On 30 Apr 2009, at 13:30, Stathis Papaioannou wrote:

>
> 2009/4/30 Bruno Marchal <marc...@ulb.ac.be>:
>
>> This is essentially the problem discussed by Chalmers in "Does a Rock
>> Implement Every Finite-State Automaton"
>> at http://consc.net/papers/rock.html ,
>>
>> Yes. And I don't buy that argument. I will not insist because you  
>> did it
>> well in your last post. Also, if it was the case that rock implement
>> sophisticated computations, it would just add some measure on some
>> computations in the Universal Dovetailing. Also, a rock cannot be a
>> computational object: it is a projection of an infinity of  
>> computations when
>> we look at the rock at a level which would be below our common  
>> substitution
>> level. Eventually we will met the quantum vacuum (assuming comp  
>> implies QM,
>> as I think), and in some "parallel world" that vaccum will go  
>> through all
>> accessible states, but this is part of so many variate histories  
>> that they
>> interfere destructively and does not generate any classical history  
>> stable
>> relatively to any observer coupled with the rock.
>>
>>
>> and I think it's also the idea behind Maudlin's Olympia thought  
>> experiment
>> as well.
>>
>> Maudlin's Olympia, or the Movie Graph Argument are completely  
>> different.
>> Those are arguments showing that computationalism is incompatible  
>> with the
>> physical supervenience thesis. They show that consciousness are not  
>> related
>> to any physical activity at all. Together with UDA1-7, it shows  
>> that physics
>> has to be reduced to a theory of consciousness based on a purely
>> mathematical (even arithmetical) theory of computation, which  
>> exists by
>> Church Thesis.
>> The movie graph argument was originally only a tool for explaining  
>> how
>> difficult the mind-body problem is, once we assume mechanism.
>
> The Rock argument and the Olympia/ Movie Graph argument are
> diffferent, but they lead to the same conclusion if valid, namely that
> if computationalism is true then consciousness does not supervene on
> physical activity.

I don't see why. If the rock implement conscious computation, this  
would just enrich the domain measure.



> Putnam and Searle use the Rock argument to suggest
> that computationalism is false: they consider it absurd that any
> conscious computation supervenes on any physical activity (or
> equivalently no physical activity, since at one extreme the Rock
> argument allows that any computation is implemented by the null
> state).

?


> Chalmers tries to rescue computationalism in the paper cited
> by arguing that the Rock argument is not valid.

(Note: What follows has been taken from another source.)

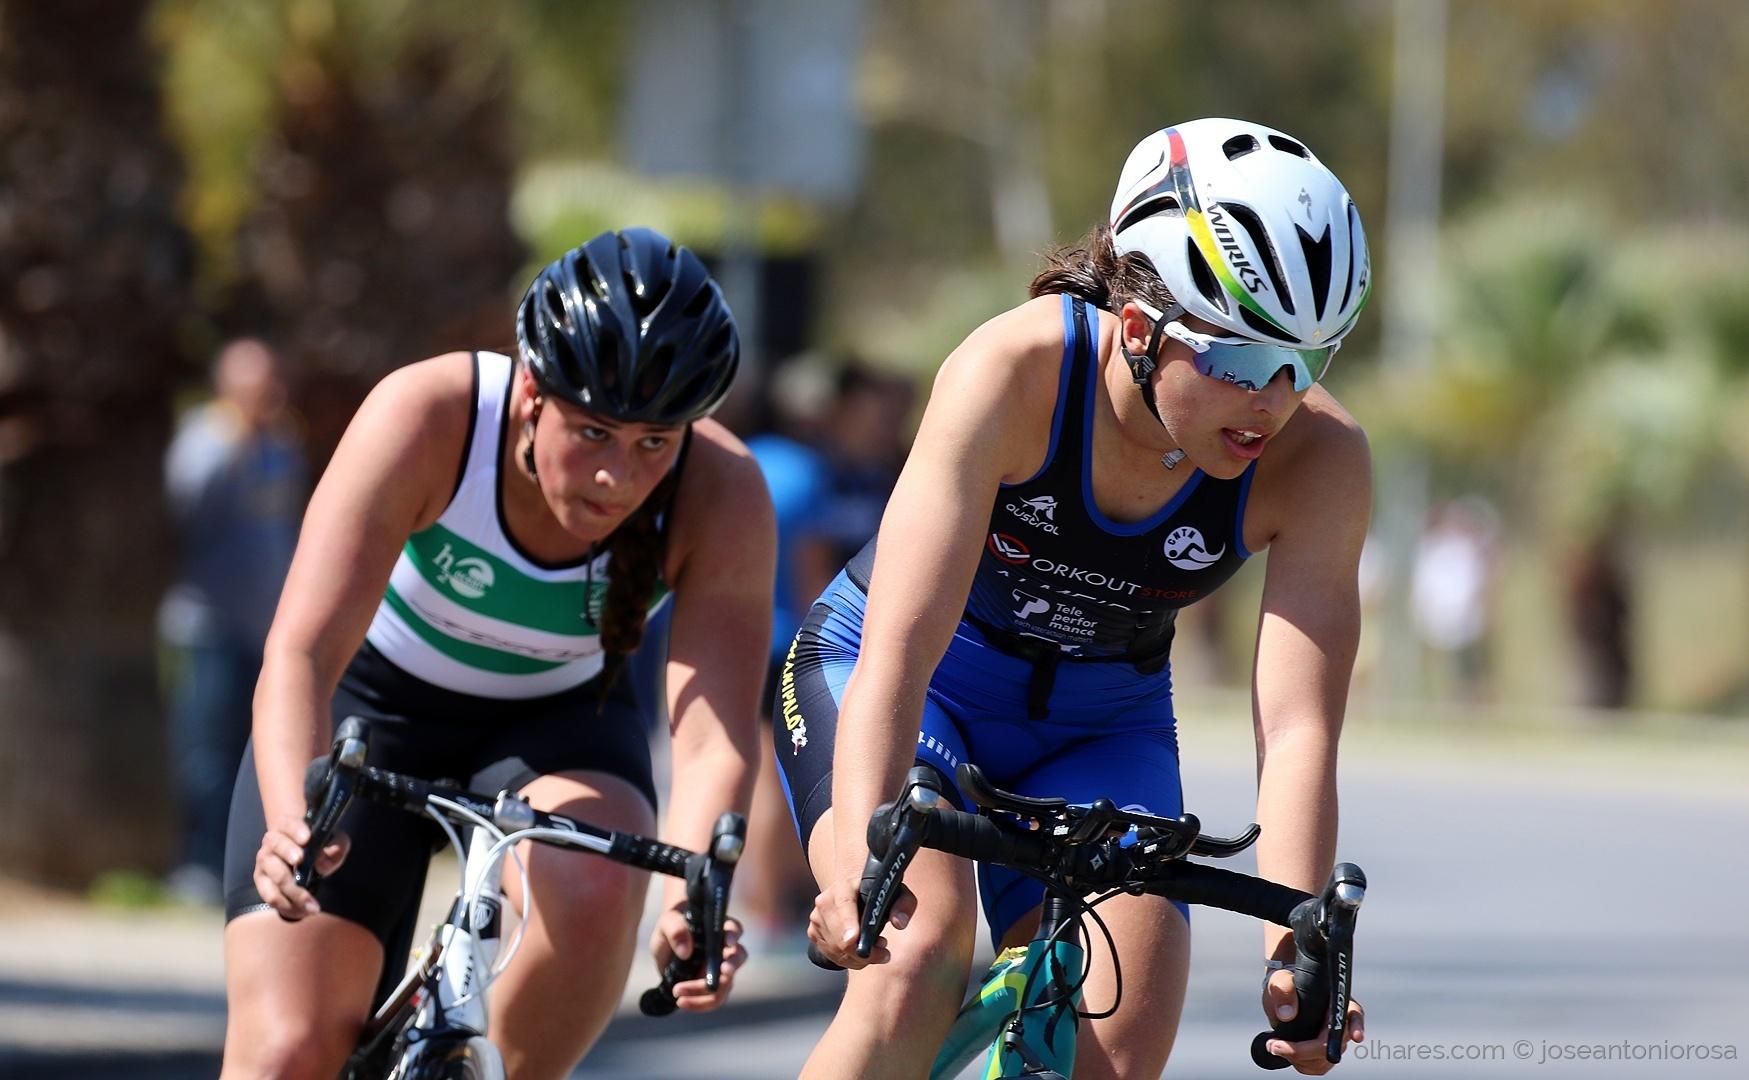 Desporto e Ação/Triatlo feminino - 10
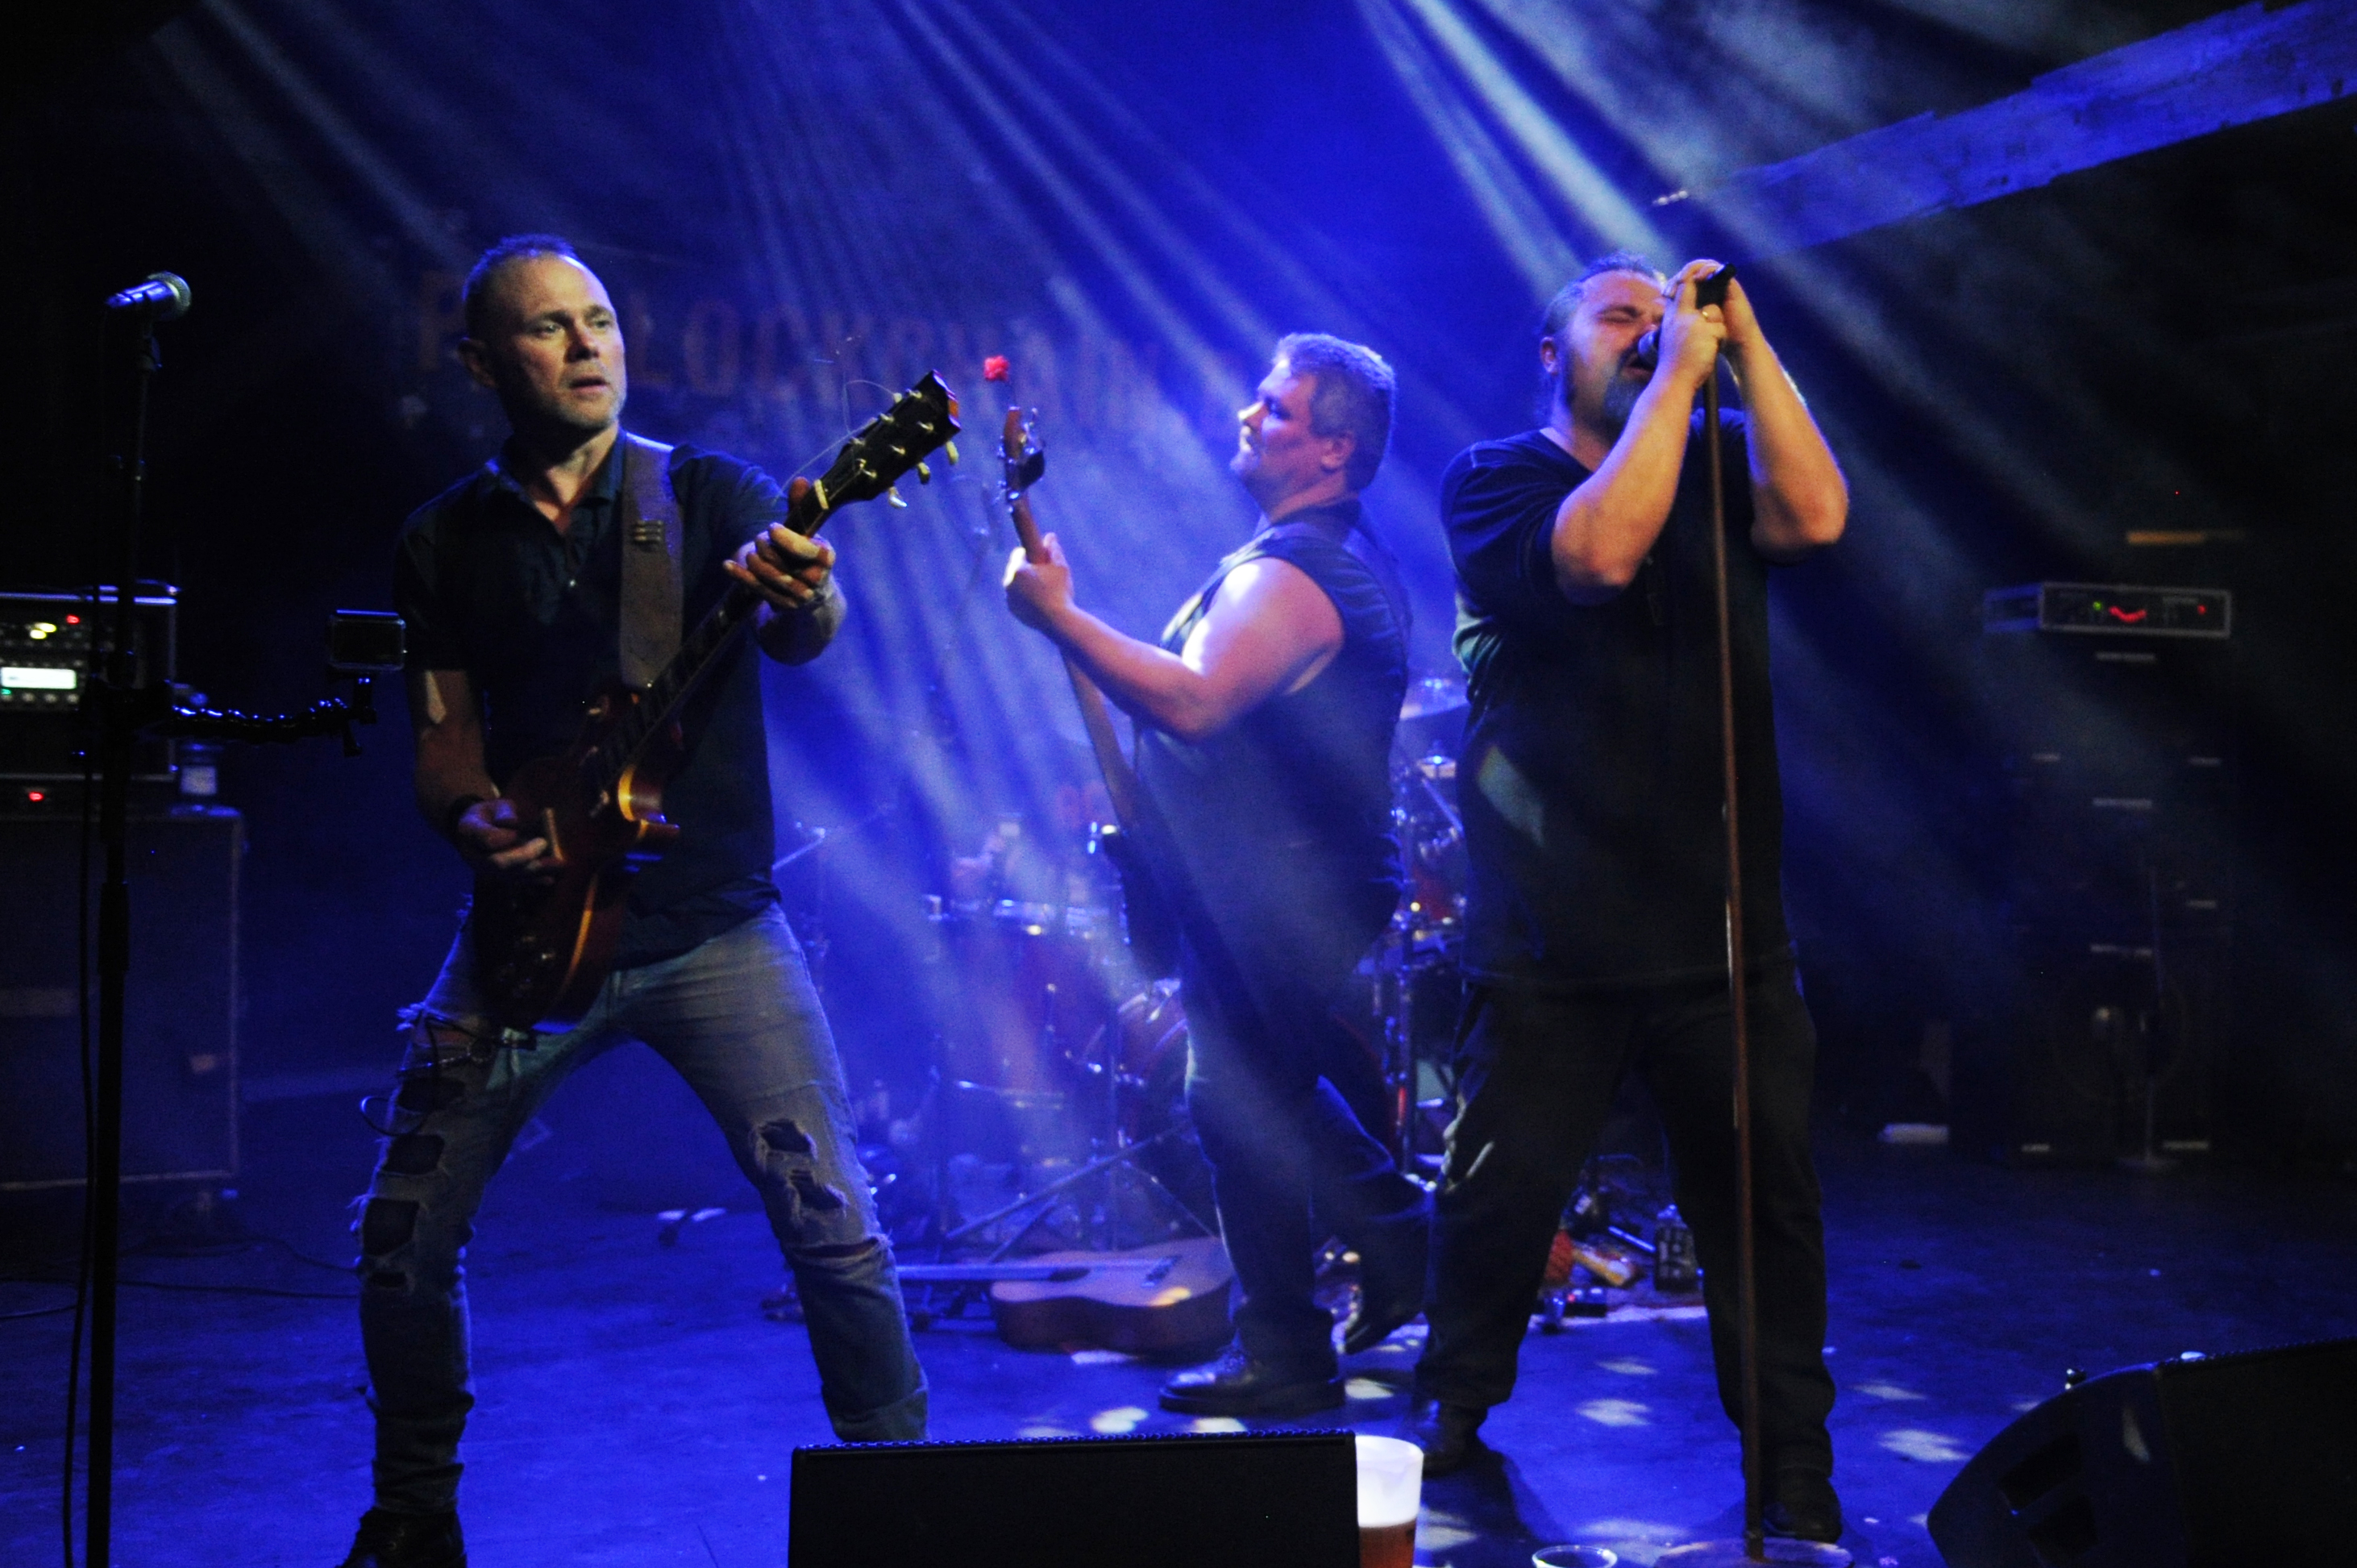 Fredericiansk skrammelrock- orkester åbner Jellingfestival 2018

He tries to rescue "materialist computationalism". But this exactly  
what Olympia/movie-graph does not allow.
I guess this is also why Chalmers defends dualism, even for quantum  
mechanics without collapse.
When I met Chalmers he told me he stops at UDA step 3 (and left the  
room without much explanation). Some of its more recent writing  
indicates that he has perhaps change its mind, I dunno.